2.8 Euclidean, Hyperbolic, and Elliptic Geometries  Printout
 There is no branch of mathematics, however abstract, which may not some day be applied to phenomena of the real world.
—Nikolai Lobachevsky (1793–1856)

Euclidean Parallel Postulate. Through a point not on a line there is exactly one line parallel to the given line.

Hyperbolic Parallel Postulate. Through a point not on a line there is more than one line parallel to the given line.

Elliptic Parallel Postulate. Any two lines intersect in at least one point.

      Prior to the discovery of non-Euclidean geometries, Euclid's postulates were viewed as absolute truth, not as mere assumptions. Several philosophical questions arose from the discovery of non-Euclidean geometries. What is truth? Which geometry is the correct geometry? Is the physical world Euclidean or non-Euclidean? The view now is that the truth or correctness of the geometry depends on the axiomatic system used.
      The third question was investigated by Carl Friedrich Gauss (1777–1855) by measuring the angles formed by a triangle determined by three mountain peaks, to see whether or not the sum of the measures of the angles of a triangle is 180°. Nicolai Lobachevsky (1793–1856) considered astronomical distances for triangles. The errors in their results for the sum of the measures of the angles of a triangle were within expected measurement error. To further complicate the problem, Henri Poincaré (1854–1912) pointed out that when performing an experiment in the physical world, an experimenter also makes assumptions. For example, how can an experimenter know for sure whether light rays travel in a straight line or follow a curved path?
      The question still remains: Which geometry should be used when modeling the physical world? The answer depends on what problem is being modeled. Poincaré's view was that the experimenter should choose the geometry that is the most "convenient"; that is, make the choice based on the facts of the experiment in such a manner that contradictions are avoided. Euclidean geometry is generally used in surveying, engineering, architecture, and navigation for short distances; whereas, for large distances over the surface of the globe spherical geometry is used. Experiments have indicated that binocular vision is hyperbolic in nature. When asked to place light sources at the midpoints of the sides of a triangle determined by three light sources viewed from a horizontal plane, subjects in an experiment usually placed the light sources such that the sides curved inward. (See Ogle's article in Science 9 March 1962.) In his study of relativity, Albert Einstein (1879–1955) used a form of Riemannian geometry based on a generalization of elliptic geometry to higher dimensions in which geometric properties vary from point to point. Relativity theory implies that the universe is Euclidean, hyperbolic, or elliptic depending on whether the universe contains an equal, more, or less amount of matter and energy than a certain fixed amount.
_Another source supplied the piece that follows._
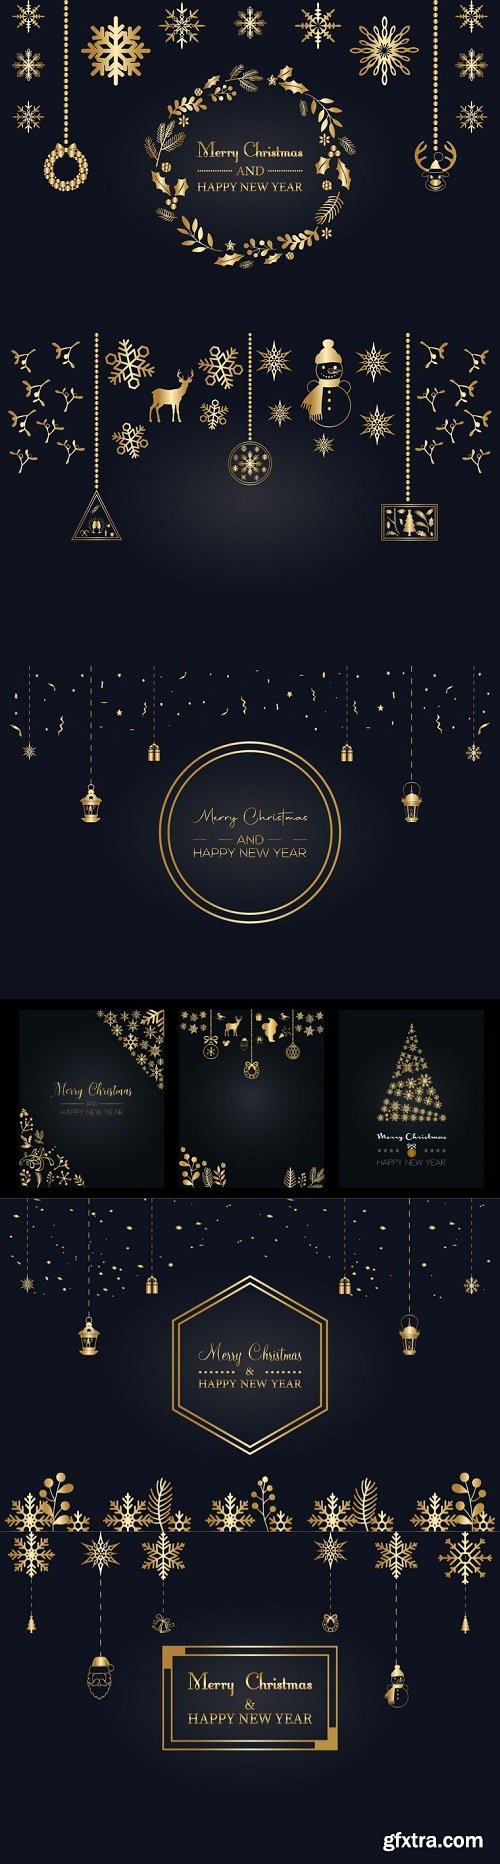 Merry christmas and happy new year luxury design, posters, website, banner, vector illustration

Exercise 2.80. Discuss the questions. Is the physical world Euclidean, hyperbolic, or elliptic? How could you prove the answer to the question? Could the physical world be proved to be hyperbolic or elliptic, but not Euclidean?

If only it could be proved...that "there is a Triangle whose angles are together not less than two right angles"! But, alas, that is an ignis fatuus that has never yet been caught!
—Charles Lutwidge Dodgson (Lewis Carroll) (1832–1898)